EXERCISE DIRECTIONS. Leave out every picture and set down, exactly, the lines below from the one holding "e764a7bf51b6 Детский карнавальный костюм" up to and including the one holding "Pultdachhaus generation 5.5".

----- DATA LISTING -----

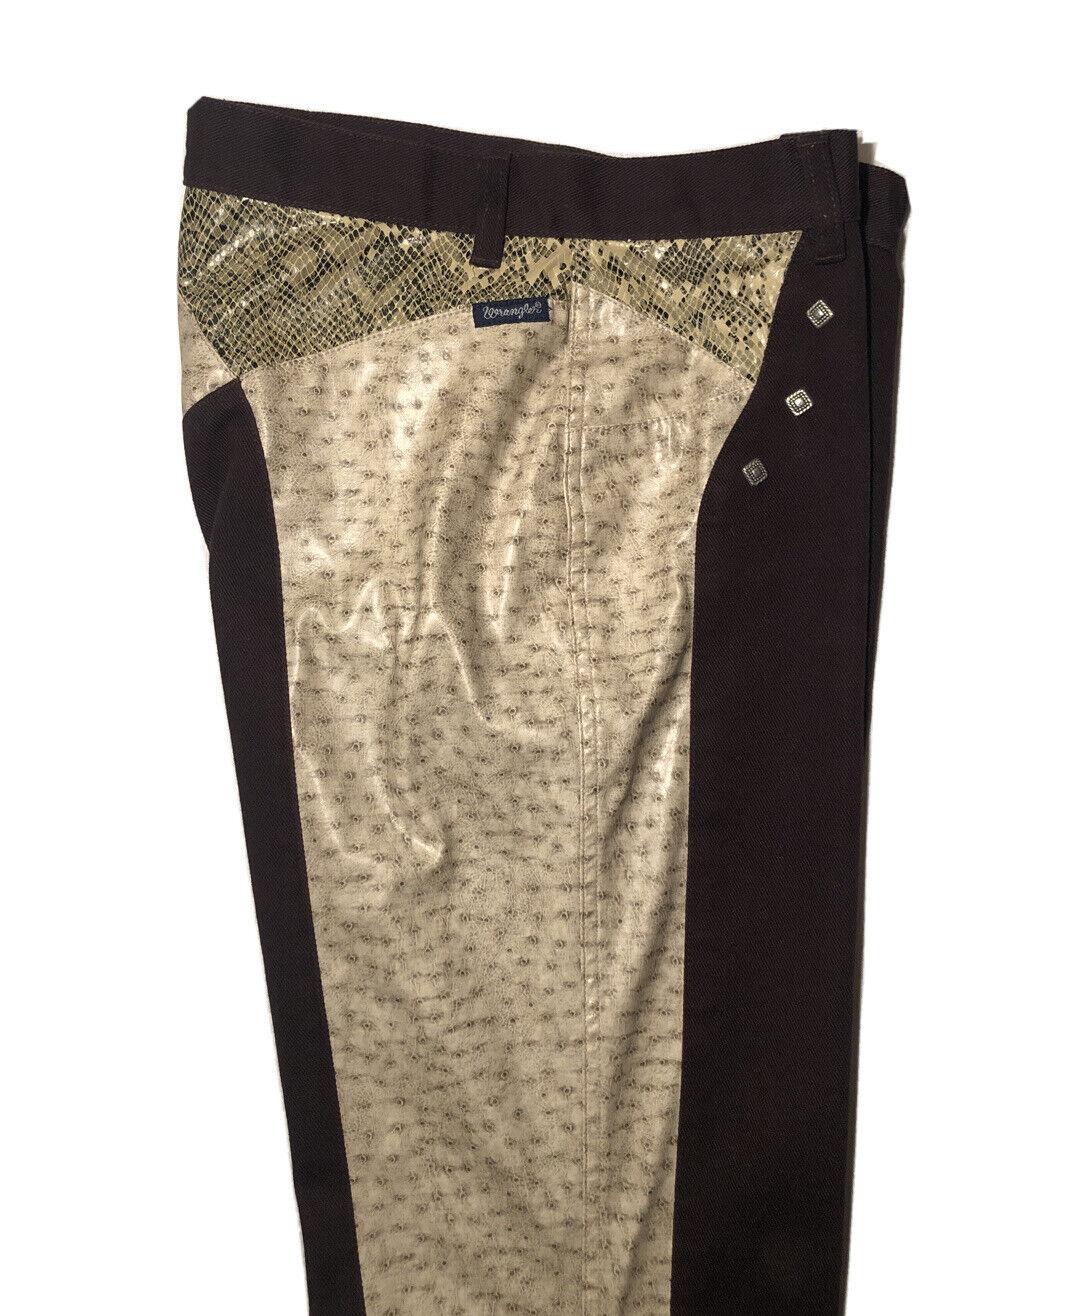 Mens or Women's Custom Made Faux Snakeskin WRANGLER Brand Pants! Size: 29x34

-----
----- DATA LISTING -----

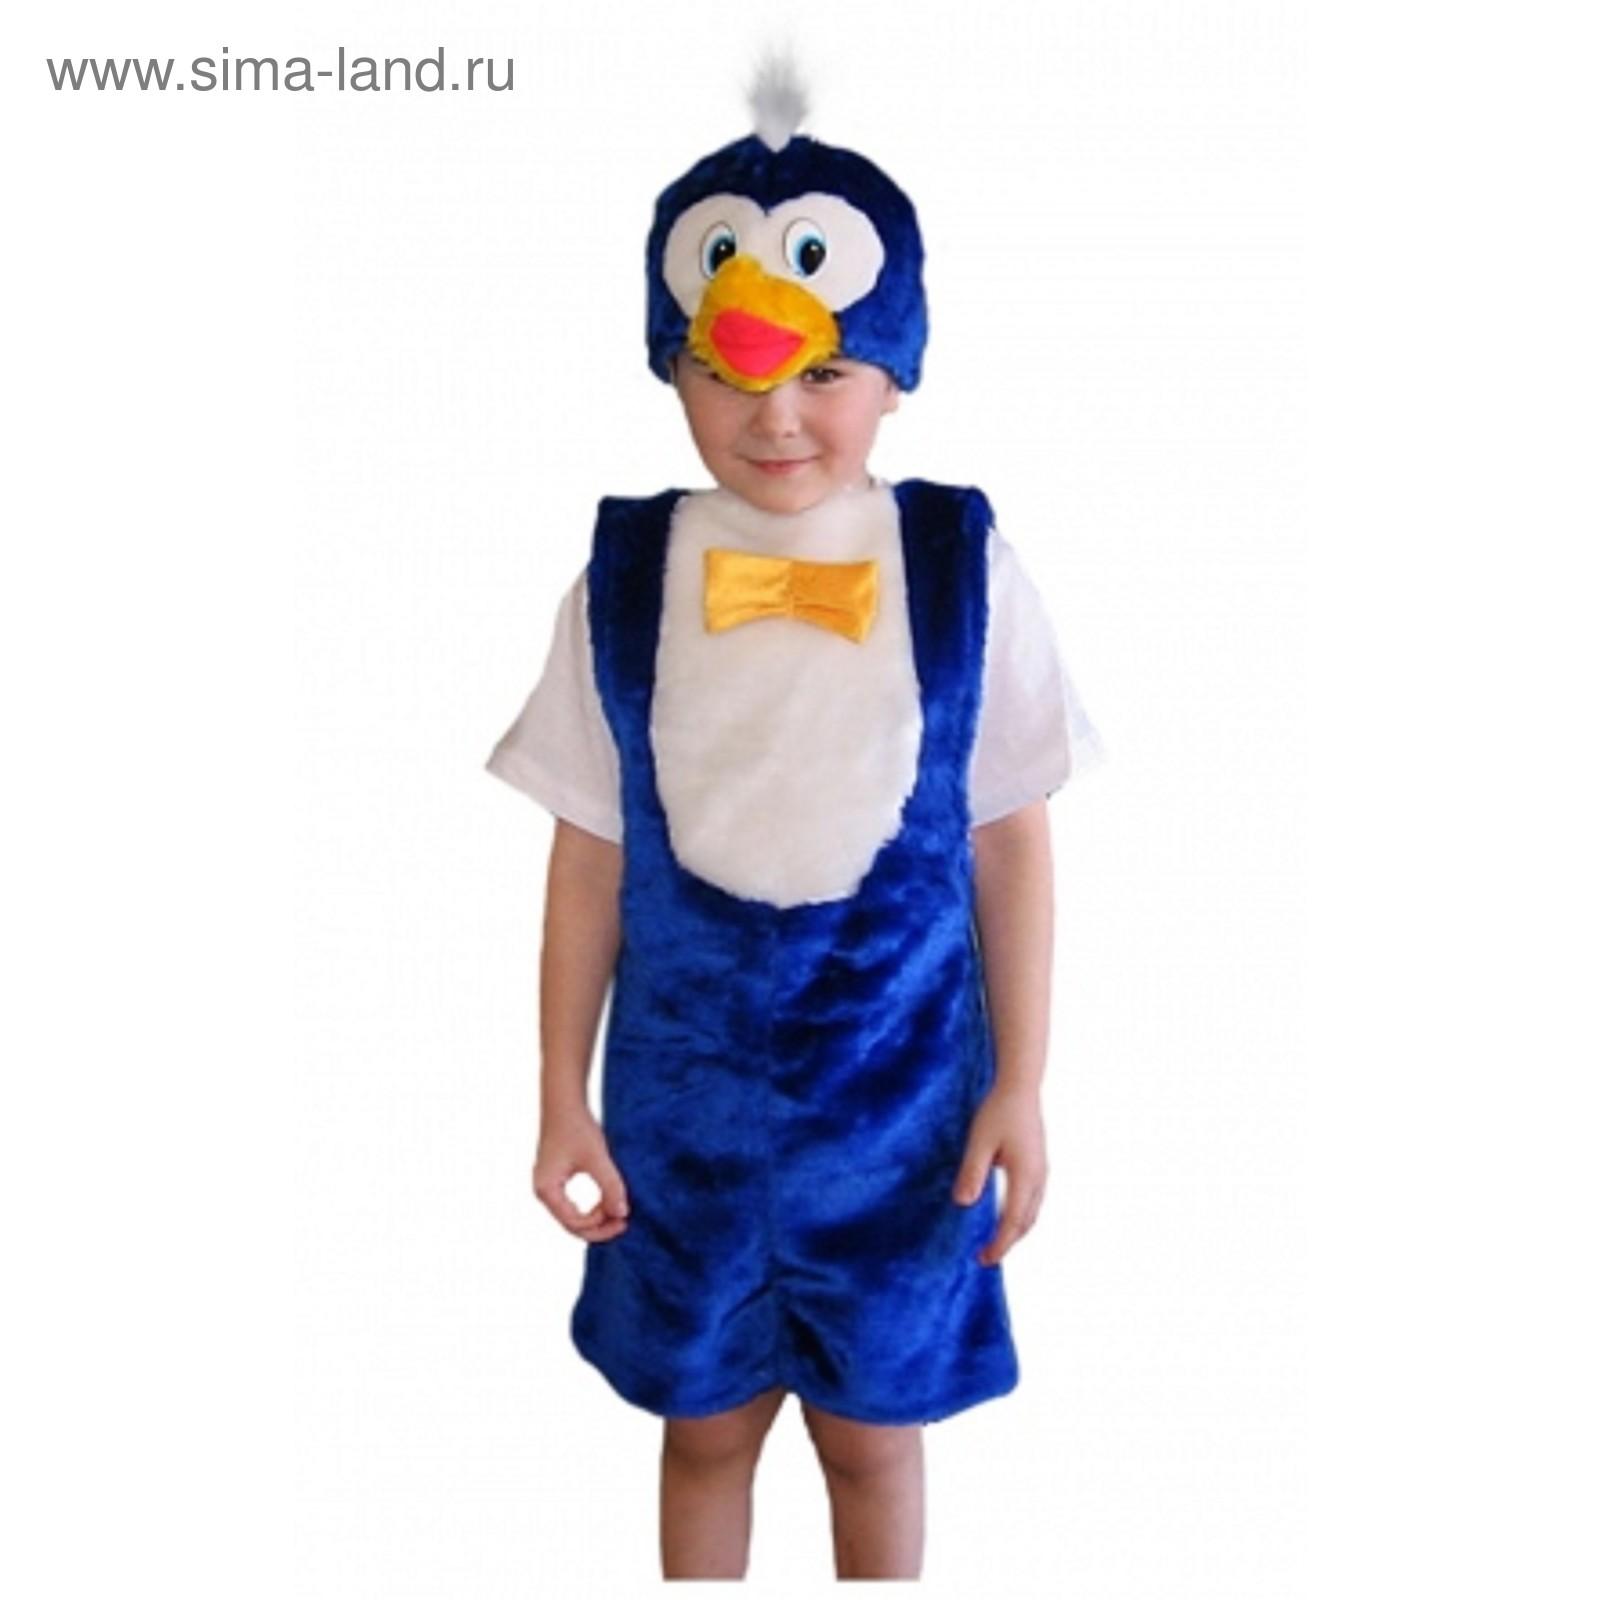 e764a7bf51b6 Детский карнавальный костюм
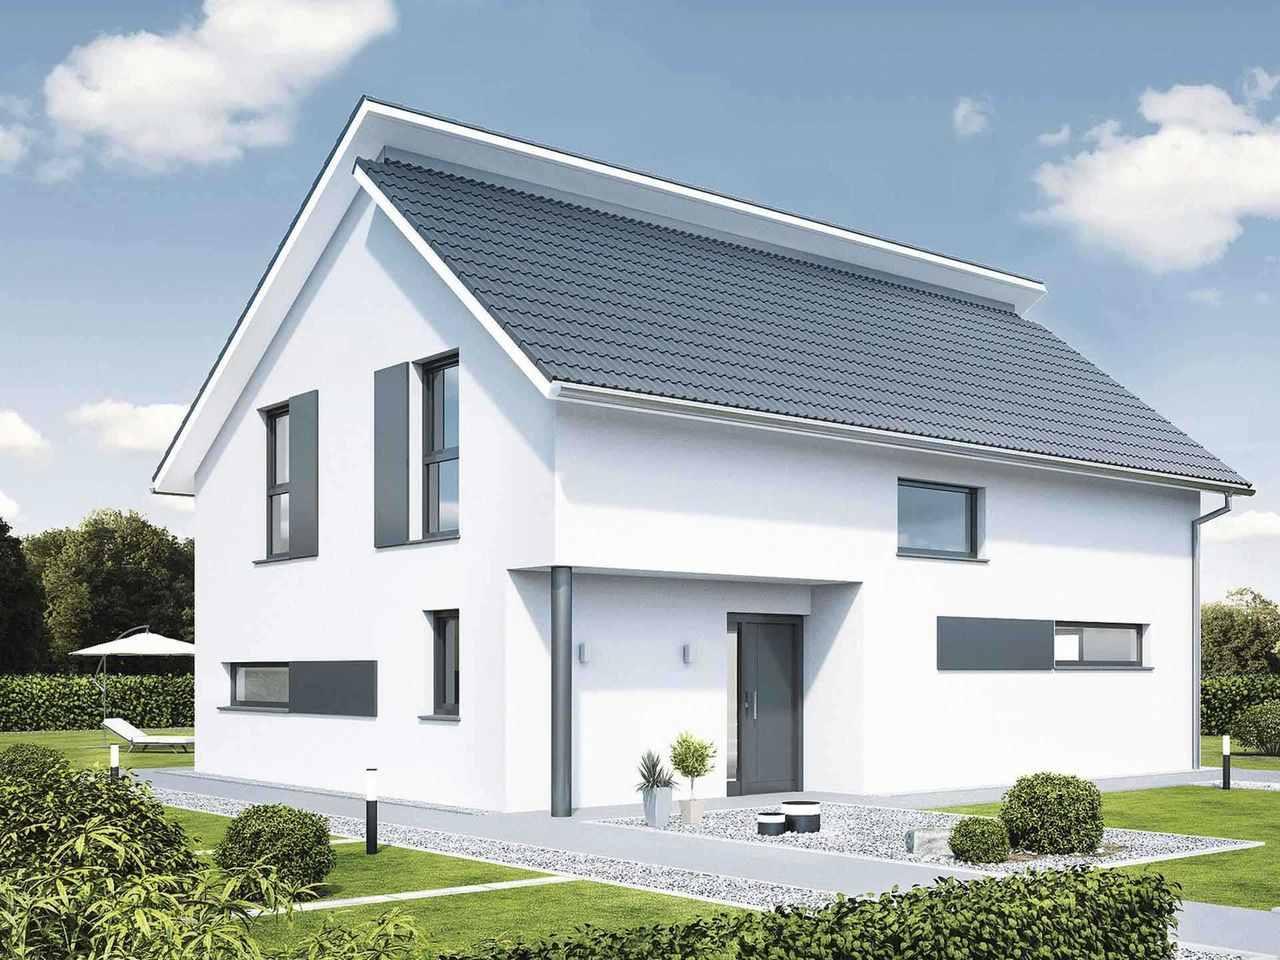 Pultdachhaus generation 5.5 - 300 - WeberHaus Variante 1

-----
----- DATA LISTING -----

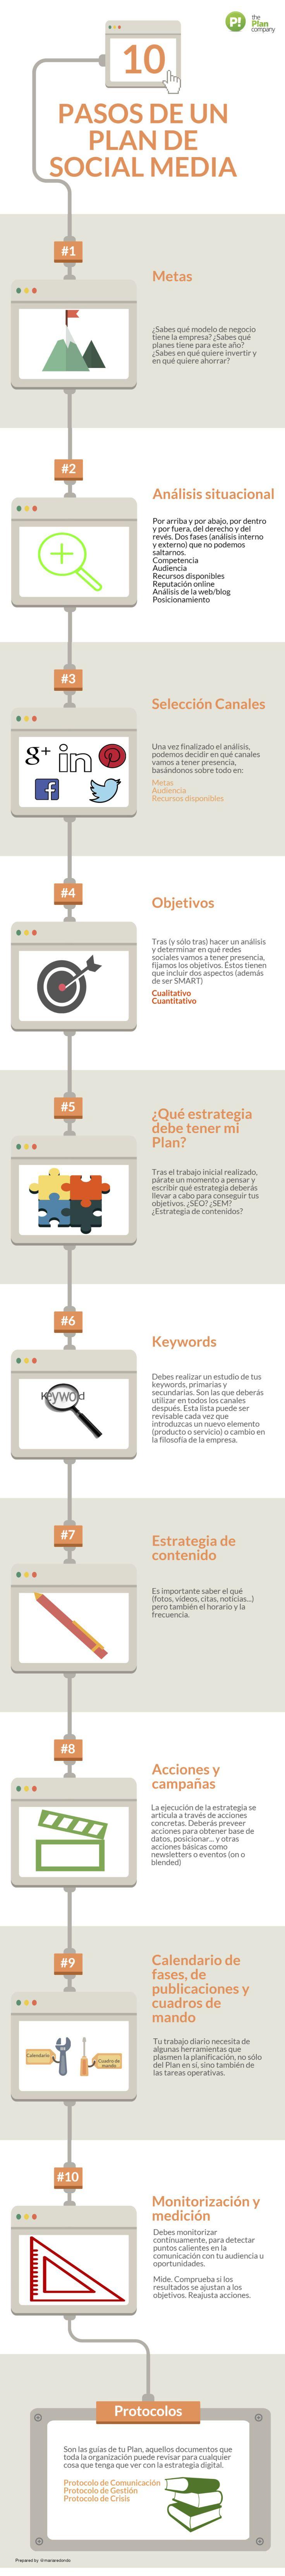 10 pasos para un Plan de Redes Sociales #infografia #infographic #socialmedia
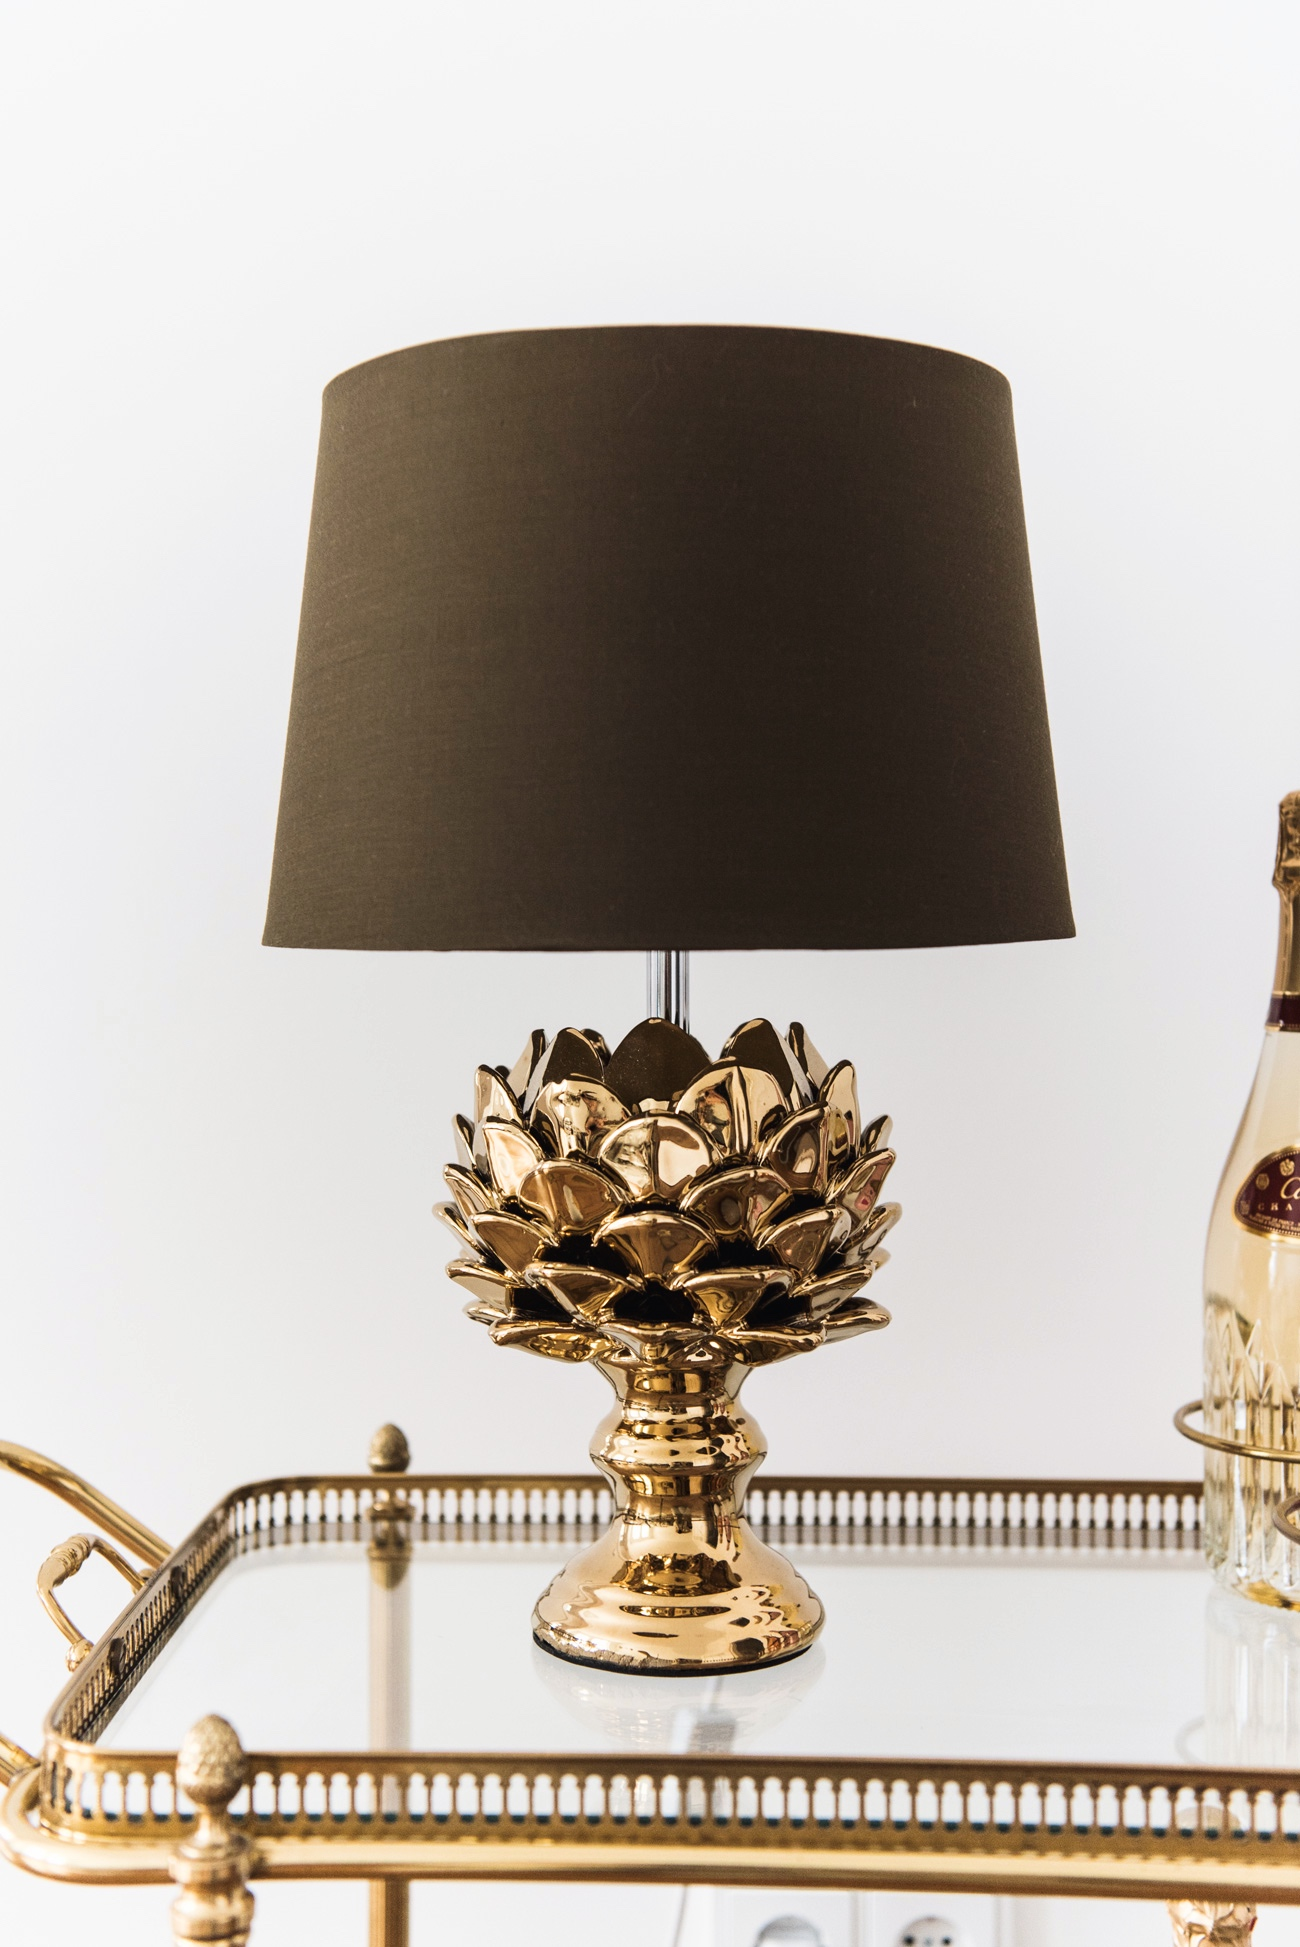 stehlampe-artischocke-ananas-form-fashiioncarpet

-----

OUTPUT.
 e764a7bf51b6 Детский карнавальный костюм
 Pultdachhaus generation 5.5 - 300 - WeberHaus Variante 1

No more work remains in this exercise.